Après Jérusalem, Rinaldo conquiert Versailles
C’était,
dimanche dernier, le dimanche de tous les remplacements en région
parisienne ! Alors que Gregory Kunde triomphait en remplaçant
au pied levé Aleksandrs
Antonenko en Otello à Bastille (nous y étions), la
représentation de Rinaldo à l’Opéra de Versailles
échappait à l’annulation grâce à Eric Jurenas, initialement
programmé dans le tout petit rôle d'Eustazio et ayant accepté
d’assurer le rôle-titre en remplacement de Filippo Mineccia,
souffrant. C’est Evann Loget-Raymond (déjà apprécié grâce à l'Académie Jaroussky) qui assure du coup le
rôle d’Eustazio (son rôle initial de magicien étant coupé). Une "mise en espace" était initialement prévue : les interprètes ont dû y
renoncer, mais c’est malgré tout une version de concert fortement "dramatisée" qui est proposée au public, même si Messieurs Jurenas et Loget-Raymond, qui ont eu très peu de temps
pour répéter, ne quittent guère leur partition des yeux.

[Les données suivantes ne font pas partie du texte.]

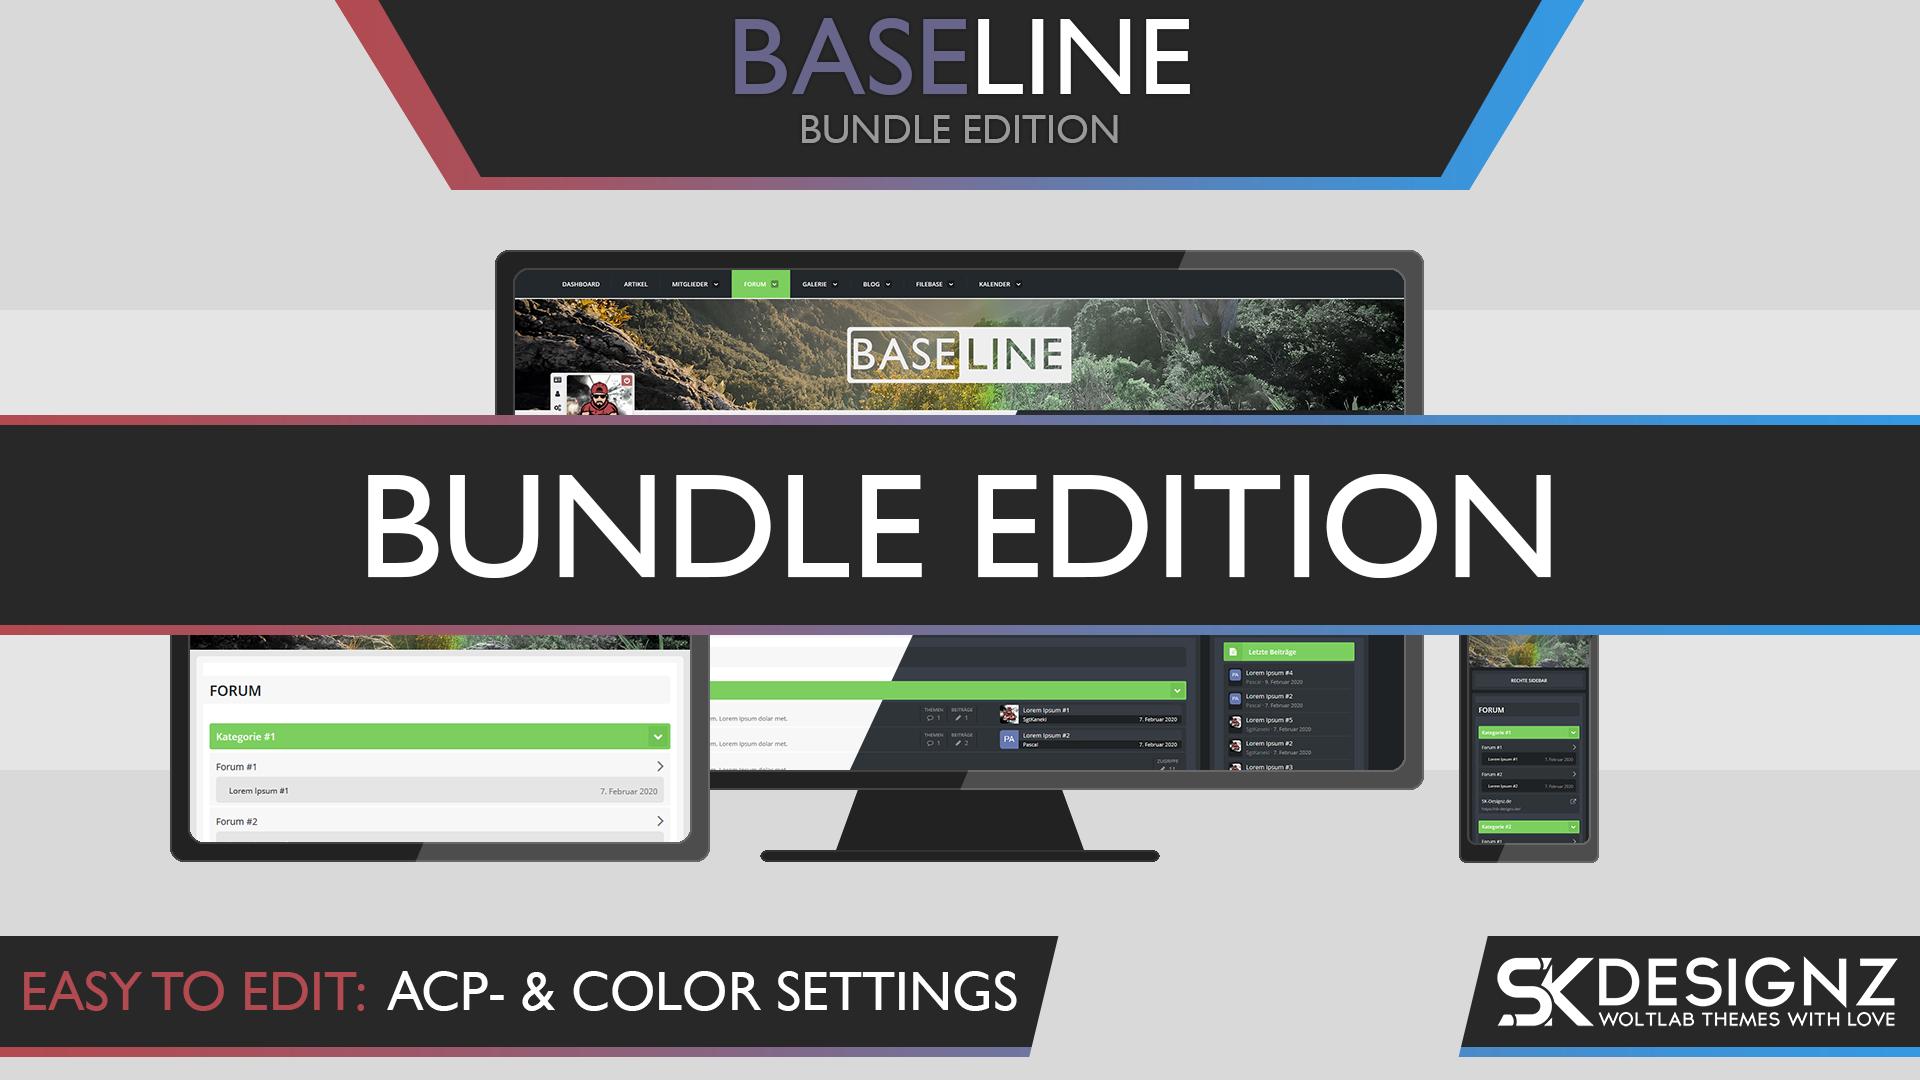 BaseLine - Bundle Edition

Eric Jurenas n’a pas (encore) tous les atouts permettant d’incarner efficacement le fier Rinaldo : manquent une autorité dans l’accent, un éclat dans la projection vocale, un certain charisme également (mais cela s’explique sans doute par l’obligation dans laquelle il se trouvait de lire sa partition). Mais le public comme le chef lui savent gré d’avoir relevé le défi avec dignité –et d’avoir par là même sauvé la représentation. Evann Loget-Raymond semble parfois un peu fragile. Il n’en fait pas moins un effort appréciable pour s’engager dramatiquement malgré la brièveté de son rôle, et surtout, il soigne particulièrement la ligne de son unique air, délivrant pour l’occasion des graves bien timbrés et chaleureux. Riccardo Novaro campe quant à lui un Argante de très haute tenue, et son premier air fait passer le frisson dans le public. Arrogance dans l’émission, assurance dans la virtuosité, contrôle du souffle permettant de longues phrases ornées : le baryton italien semble proposer avec son chant un équivalent aux arabesques rouges et flamboyantes qui ornent sa veste noire.

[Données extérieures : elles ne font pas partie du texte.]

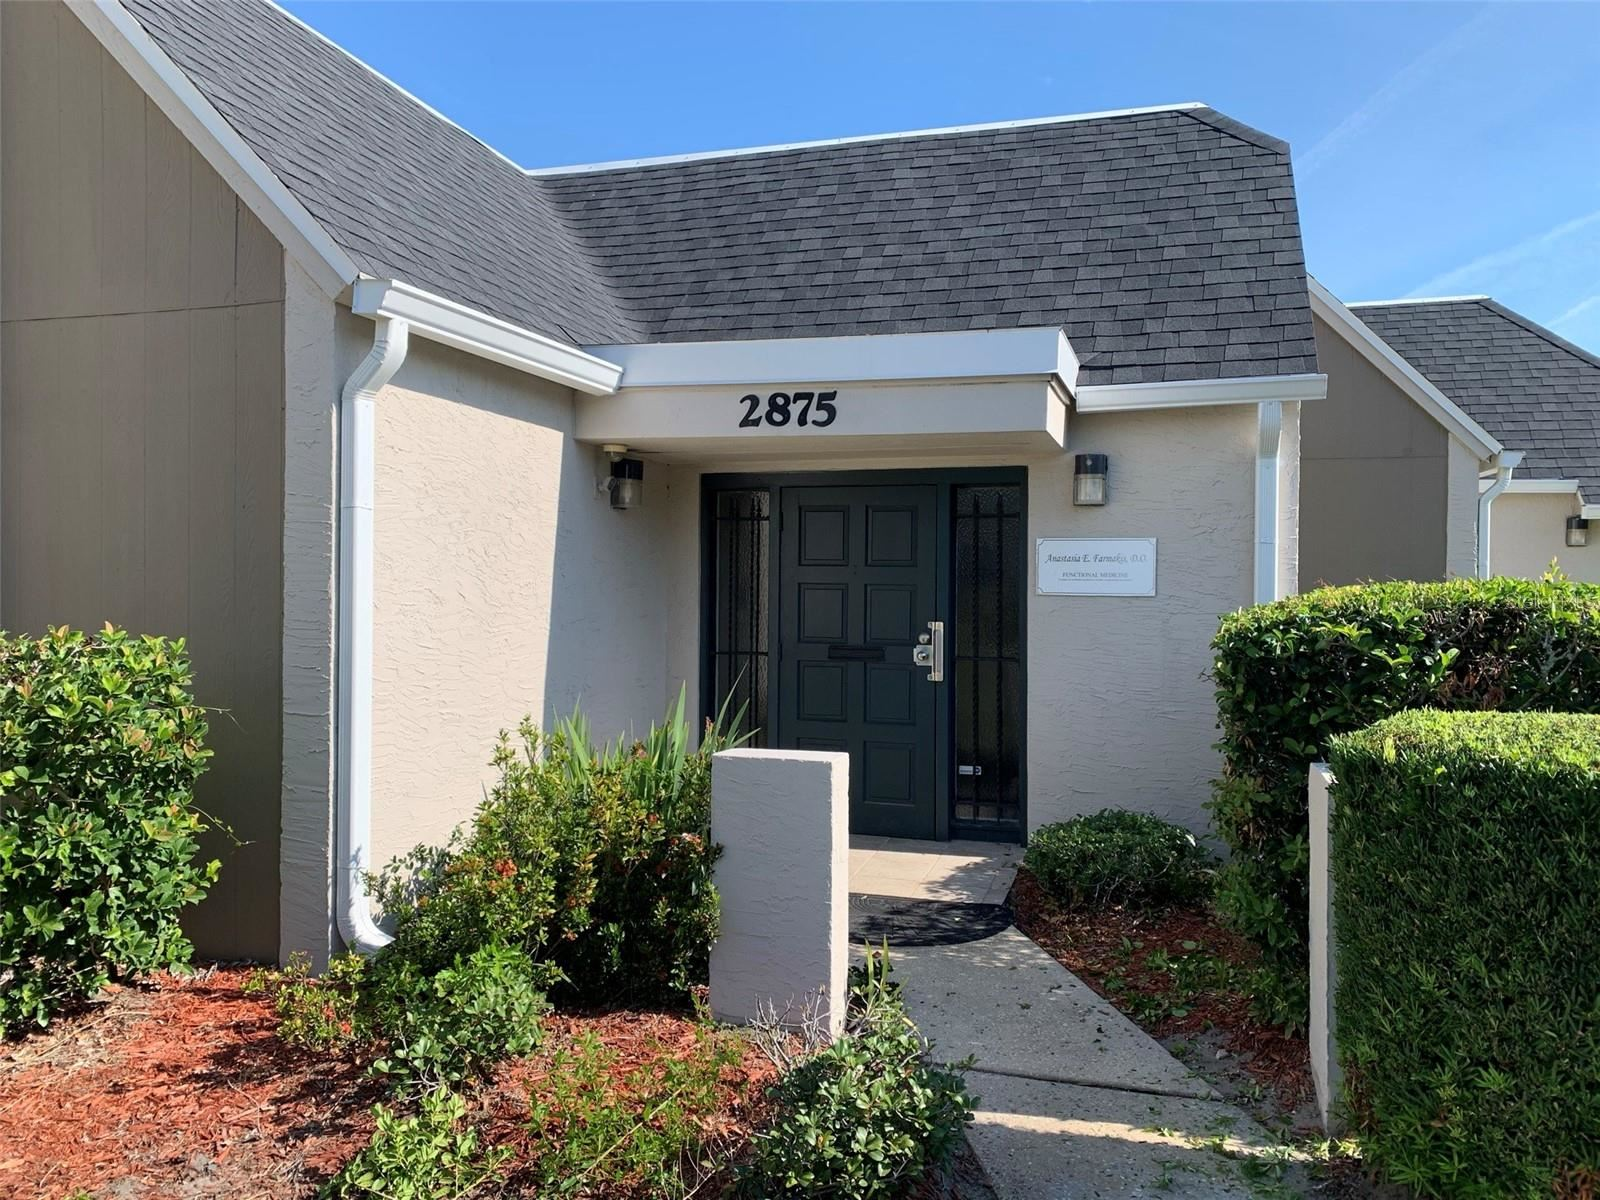 Photo for 2875 DELANEY AVENUE #1, ORLANDO, FL 32806 (MLS # O5958253)

Côté féminin, les interprètes, par leurs formats vocaux et leurs personnalités, correspondent aux personnages qu’elles incarnent. Emilie Rose Bry avait déjà séduit l’an dernier in loco en Elvira (L’Italienne à Alger). Le rôle d’Armida lui permet cette fois de faire valoir la facilité de ses aigus, l’aisance de sa projection et la maîtrise de son agilité. Elle offre un portrait tour à tour inquiétant, séduisant, drôle ou hystérique (elle va jusqu’à interrompre elle-même la battue du chef, et donc l’orchestre, lorsqu’elle souhaite prolonger une pause). Pour interpréter Goffredo, Dara Savinova dissimule sa féminité derrière un pantalon noir et un chignon rassemblant ses longs cheveux blonds. Sa diction précise et son phrasé autoritaire confèrent également sa virilité au personnage. La voix, sans être excessivement puissante, reste bien placée et bien projetée sur toute la tessiture, déroulant un velours noir et soyeux auquel se mêlent quelques aspérités dans le registre grave, conférant au personnage un surcroît de masculinité. Quant à Ekaterina Bakanova (qui interprétait Micaëla, déjà à Versailles sous la direction de Spinosi en 2017), elle propose une interprétation d’Almirena pleine d’émotion. La voix est longue, souple, fruitée, dotée d’un médium nourri mais capable de belles envolées dans l’aigu. On lui doit le moment le plus émouvant de la soirée, avec un Lascia ch’io pianga habité, plein de douleur contenue, paré de mille nuances, longuement applaudi.
Si l’opéra est donné en version de concert, l’assistance peut néanmoins compter sur Jean-Christophe Spinosi pour en proposer une interprétation hautement théâtrale : sa direction, racée, pleine de contrastes, incisive, fait constamment avancer l’action. Nonobstant quelques légers problèmes ici ou là (tels les deux ou trois petits ratés dans l’ébouriffante virtuosité des trompettes d'Or la tromba), l’Ensemble Matheus se montre à la hauteur de la tâche, et les instrumentistes appelés à intervenir en solo rivalisent d’élégance et de virtuosité.